If you have hens, you have eggs!! With our current laying count, we are getting about 10 eggs a day, which adds up to around 70+/- eggs per week. When all 17 of our layer hens start laying, we will be getting anywhere from 95-120 eggs per week! That is at least a dozen a day and over 8 dozen a week.
What do we do with all these eggs?!
Before chickens, we were barely eating a dozen eggs a week, so what do we do with all these eggs now? Well, I am going to tell you!! From eating them fresh to preserving them for the winter months and up to 2 years.
See the little white eggs? Those are chocolates, how cute <3
Breakfast: I am not a big morning person, and I wait a few hours after I wake up before I eat anything. However, I am certainly not opposed to eating a good omelet for lunch!
Currently my favorite brunch is an omelet, 3-4 eggs, onions, seasonings, salsa, and sour cream. If you've never tried it, DO IT, and you're welcome :)
Breakfast for Dinner: I personally love eating a good breakfast for dinner! There are 5 people who live in our house, so when we have breakfast for dinner, I cook a dozen eggs.
Our staple breakfast-dinner consist of bacon/sausage, home-made biscuits & gravy, and of course scrambled or fried eggs!! delicious
Boiled eggs: Remember how I told you about our little chicken, Chocolate. We save her eggs up until we have a dozen, and then we boil them for the perfect bite-sized snack! In-between waiting on Chocolate's eggs we will boil a dozen regular sized eggs, those do not last long because Lincoln and Abigail alone can eat them all in a day!
Baking: Making lots of cookies, banana bread, cakes.... basically, any recipe that takes eggs!!
Water glassing: No, I am not pickling eggs, and I am too afraid to try to do that for now, lol.
Water glassing eggs is when you put unwashed (poop & dirt free) eggs in a lime-water solution. The limewater fills in the pores of the eggshell and seals them. What do you think they did before refrigerators?
I have eaten some eggs that have been water glassed for a couple months, because chickens do not lay eggs in the winter months! They tastes just like the day they were laid, the only thing that is really different are the yolks. The yolks are more likely to bust. I am not sure why that is, but other than that, you can't even tell a difference. One thing I do recommend is, check the eggs (by the float test) to make sure they are not bad. A floating egg is a bad egg.

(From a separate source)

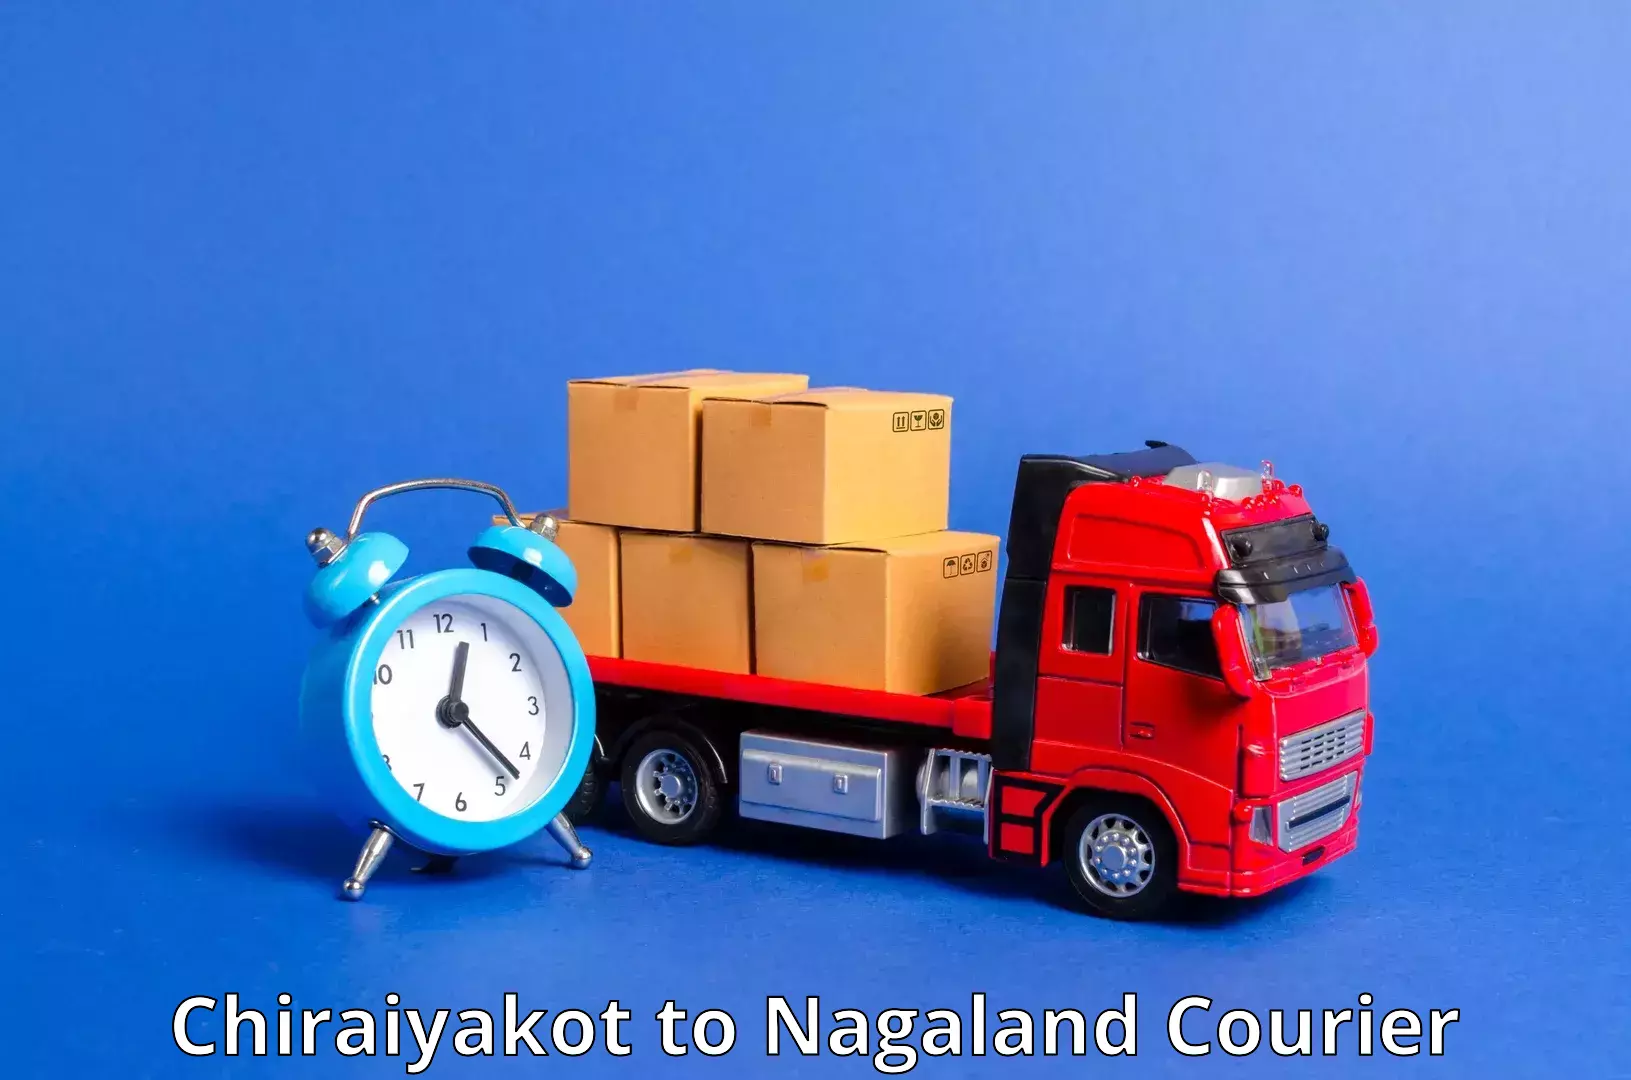 International parcel service Chiraiyakot to Nagaland

***Many people will use 5-gallon buckets and fill them with eggs and the limewater solution, but I will not be doing that because if one egg breaks then all the eggs could be ruined.
Giving the eggs away: Currently we are giving 12-18 eggs to my in-laws per week. Also, if we are feeling extra generous or we just haven't used that many eggs in a week, we will give a dozen away to a few lucky people who are close to us!
This is currently the amount of eggs we have gotten since Sunday! I even water glassed a dozen on Tuesday.
What do we do with all those shells?
Save your egg shells, especially if you have a garden! It isn't really an inconvenience, just an extra step or 3..
Wash your shells out
When you have a baking sheet full, bake them at 250 degrees for 30 minutes.
Grind them down into a very fine grit or powder.
The benefits of egg shells, great source of calcium for your chickens. Great source of calcium for your tomatoes and other plants. Put them around your Hosta's or other garden shrubs/plants where slugs like to live. I'm sure there is more, but these are the things I use them for!
If you had thoughts of getting chickens but didn't know what to do with all the eggs, I hope this post gave you a little insight on what all you can do to use them up!